So good luck, let us know how it turns out.


----------



## triw51 (Jun 14, 2012)

Good advice especially the sharp drill bit.  Any advice to keep drill bits cool when drilling a lot of blanks at ne time?


----------



## brownsfn2 (Jun 14, 2012)

WOW.  I just did the math...  Since I also work full time I can do about 2-3 pens per evening.  It would take me 3 years to make 2400 pens.  I was prod of turning my 125th last night. 

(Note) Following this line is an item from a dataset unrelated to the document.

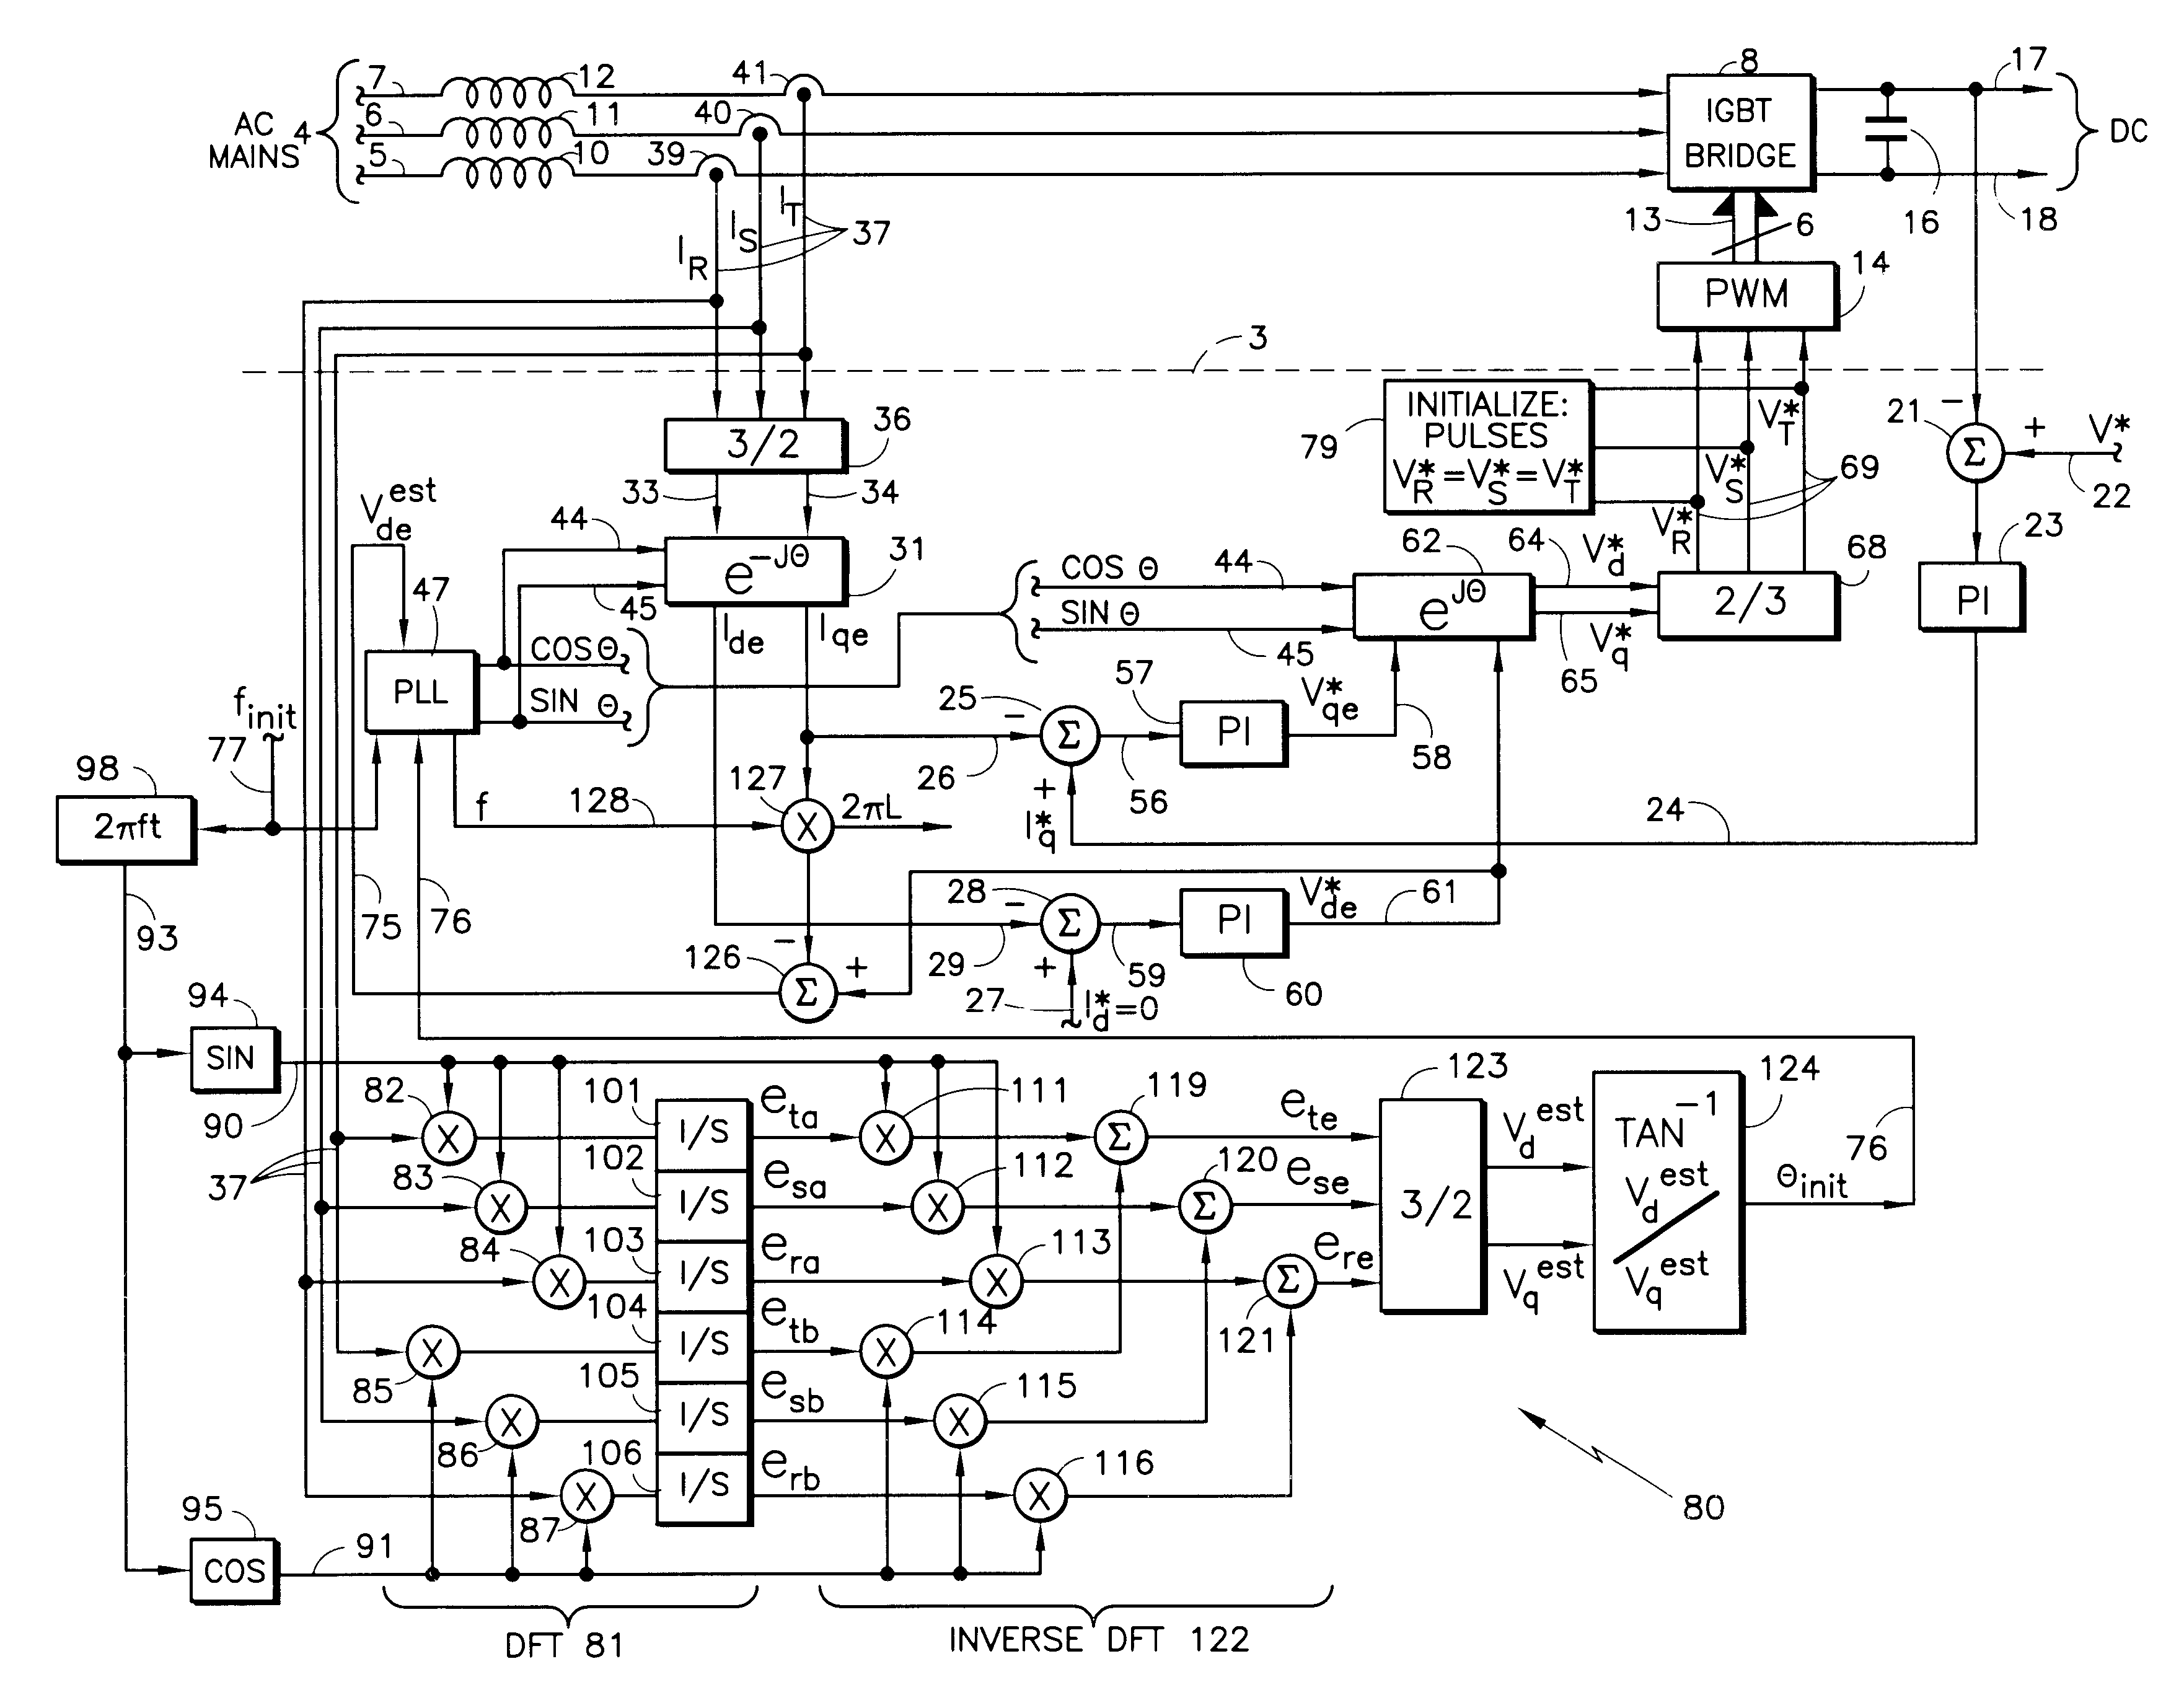 Determining phase of AC mains in PWM controlled converters without voltage sensors

If I had orders rolling in like that I would quit my day job. 

Have fun!


----------



## Haynie (Jun 14, 2012)

That is a lot of pens.  My hat is off to you.  Did you take a picture of the whole lot when you were finished?


----------



## OKLAHOMAN (Jun 14, 2012)

Ron, this is Alan's day,afternoon and night joib. :biggrin::wink:





brownsfn2 said:


> WOW. I just did the math... Since I also work full time I can do about 2-3 pens per evening. It would take me 3 years to make 2400 pens. I was prod of turning my 125th last night.
> 
> If I had orders rolling in like that I would quit my day job.
> 
> Have fun!


----------



## brownsfn2 (Jun 14, 2012)

LOL.  With 2400 pens that need to be made you got that right.

It's a fun hobby for me. 



OKLAHOMAN said:


> Ron, this is Alan's day,afternoon and night joib. :biggrin::wink:
> 
> 
> 
> ...


----------



## NewLondon88 (Jun 14, 2012)

raar25 said:


> If you could get your lathe time (including turning and finishing) down to 30 minutes that is 10 hours just at the lathe.



If you had set yourself up to do production, you would quickly find that
it is no longer 'fun' to spend a lot of time daintily taking away material
that you are going to trash anyway. You'd start 'hogging'  away to
get to the 'good stuff' and the time would shorten considerably.
When I'm doing production on wood pens (single barrel) I get the
lathe time down to about 60 seconds including sanding to 320.
(that's all these blanks require as they go to the laser next)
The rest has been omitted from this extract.